Congress investigating deal between NSA official and ex-director’s company

Lawmakers on Capitol Hill are now questioning the relationship between the National Security Agency’s chief technical officer and a private company being run by the former head of the American electronic spy department.

On the heels of reports concerning the NSA’s current CTO, Patrick Dowd, and a business launched earlier this year by the agency’s recently-retired director, Gen. Keith Alexander, Congress is now reportedly considering an investigation of its own.

Reuters was the first to report last week that IronNet, a cybersecurity company started by Alexander after he left the public sector in March, employs the NSA’s Dowd concurrently while he works for the federal government as one of the top officials at the spy agency. According to last Friday’s report, Dowd’s NSA supervisors have approved him to work up to 20 hours a week at Alexander’s company.

That arrangement, described on Friday by Reuters as “unusual,” according to former NSA general counsel Stewart Baker, was reportedly being investigated internally by the agency when the newswire reached out last week for comment. As of this Monday, though, Reuters now reports that a United States Senate panel and a Florida Democrat from the House of Representatives are raising their own concerns.

The Senate Intelligence Committee has asked the NSA for a copy of the “internal review” into the manner that the agency acknowledged it opened, Reuters reported this week, and Rep. Alan Grayson (D-Florida) of the House Foreign Affairs Committee also said he would "request an investigation" of the arrangement between Dowd and IronNet.

Grayson told Reuters that Alexander is "promiscuous in his unscrupulousness," and called the deal with Dowd was "an obvious violation of the standards of ethical conduct for employees of the Executive Branch."

Previously, Grayson published an open letter in June to raise questions about Alexander’s post-NSA employment when it was revealed that he reportedly asked a major Wall Street trade group for $1 million a month in consultation fees soon after resigning from the agency in the midst of the scandal surrounding national security documents leaked last year by former contractor Edward Snowden.

“Disclosing or misusing classified information for profit is, as Mr. Alexander well knows, a felony. I question how Mr. Alexander can provide any of the services he is offering unless he discloses or misuses classified information, including extremely sensitive sources and methods,” Grayson asked at the time in a letter to the trade group, the Security Industries and Financial Markets Association (SIFMA). “Without the classified information that he acquired in his former position, he literally would have nothing to offer to you.”

According to the Huffington Post, Grayson said "send me all information related to your negotiations with Mr.

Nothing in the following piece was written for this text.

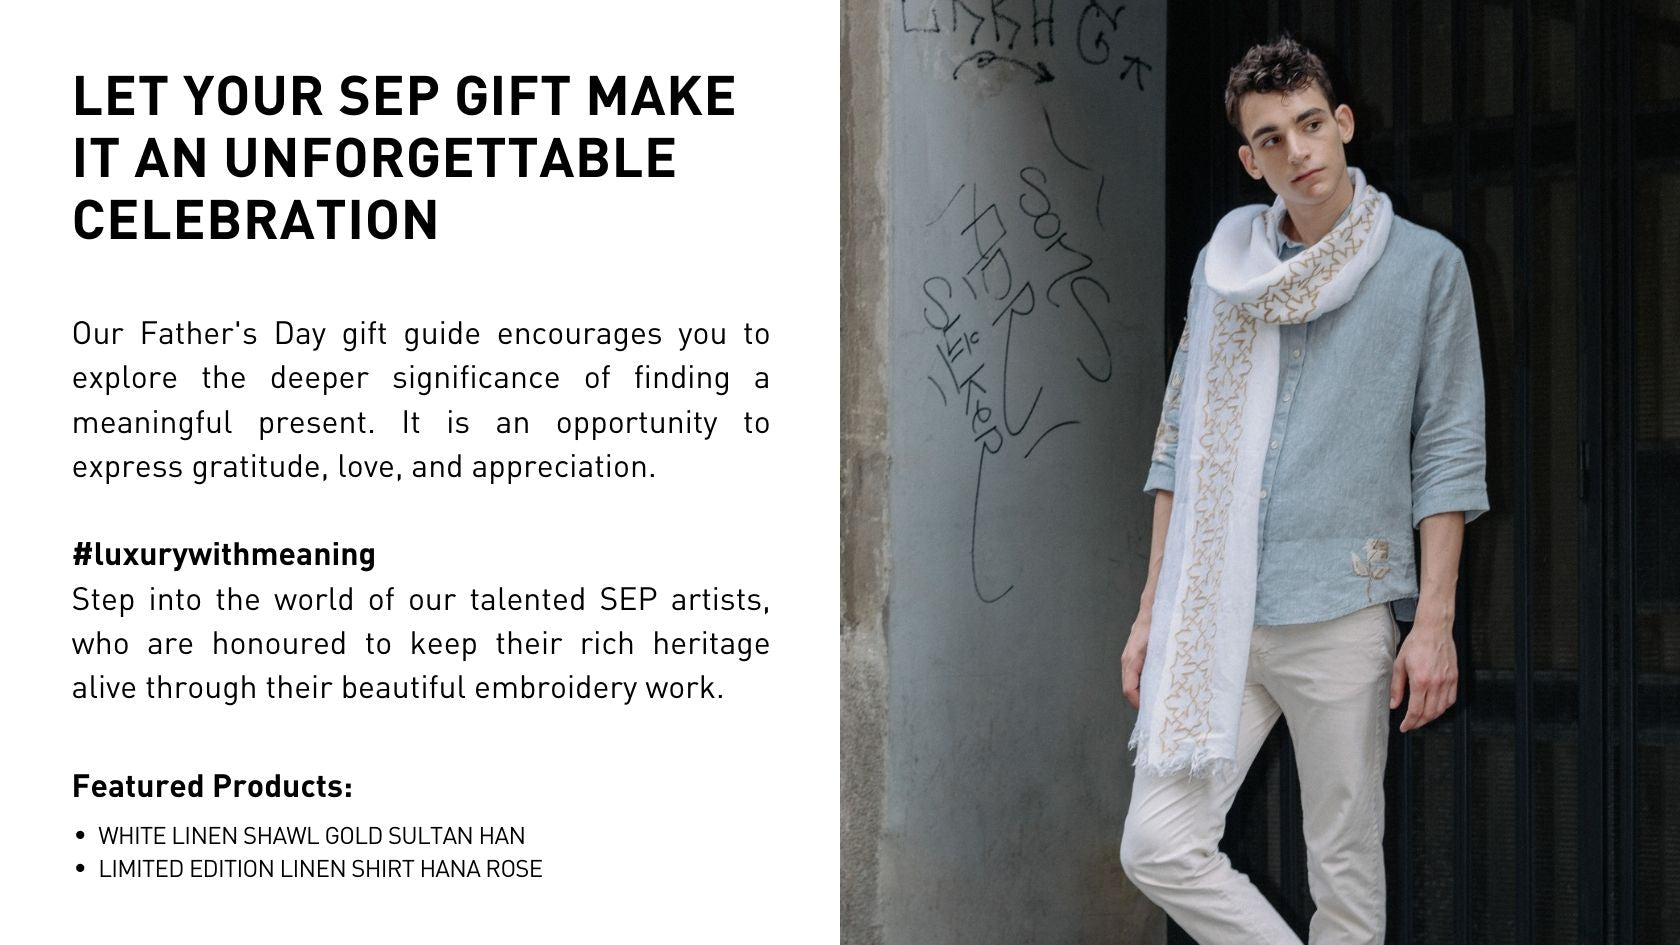 Our Father's Day gift guide encourages you to explore the deeper significance of finding a meaningful present. It is an opportunity to express gratitude, love, and appreciation.  #luxurywithmeaning Step into the world of our talented SEP artists, who are honoured to keep their rich heritage alive through their beautiful embroidery work.

Alexander, so that Congress can verify whether or not he is selling military and cybersecurity secrets to the financial services industry for personal gain."

When Reuters first reported on the arrangement between Dowd and IronNet last week, NSA spokesperson Vanee Vance said “While NSA does not comment on specific employees, NSA takes seriously ethics laws and regulations at all levels of the organization.”

“Under ethics rules, senior executive employees, among others, are required to obtain written permission through their supervisors if they wish to pursue outside employment with a prohibited source,” she told The Hill.

"I wanted Pat to stay at NSA. He wanted to come on board," Alexander told Reuters last week of how the arrangement originated. "I just felt that his leaving the government was the wrong thing for NSA and our nation."

Alexander and Dowd jointly filed patents together based off of ideas that originated during their time at NSA, Reuters reported, but the ex-spy boss said IronNet’s work is unrelated.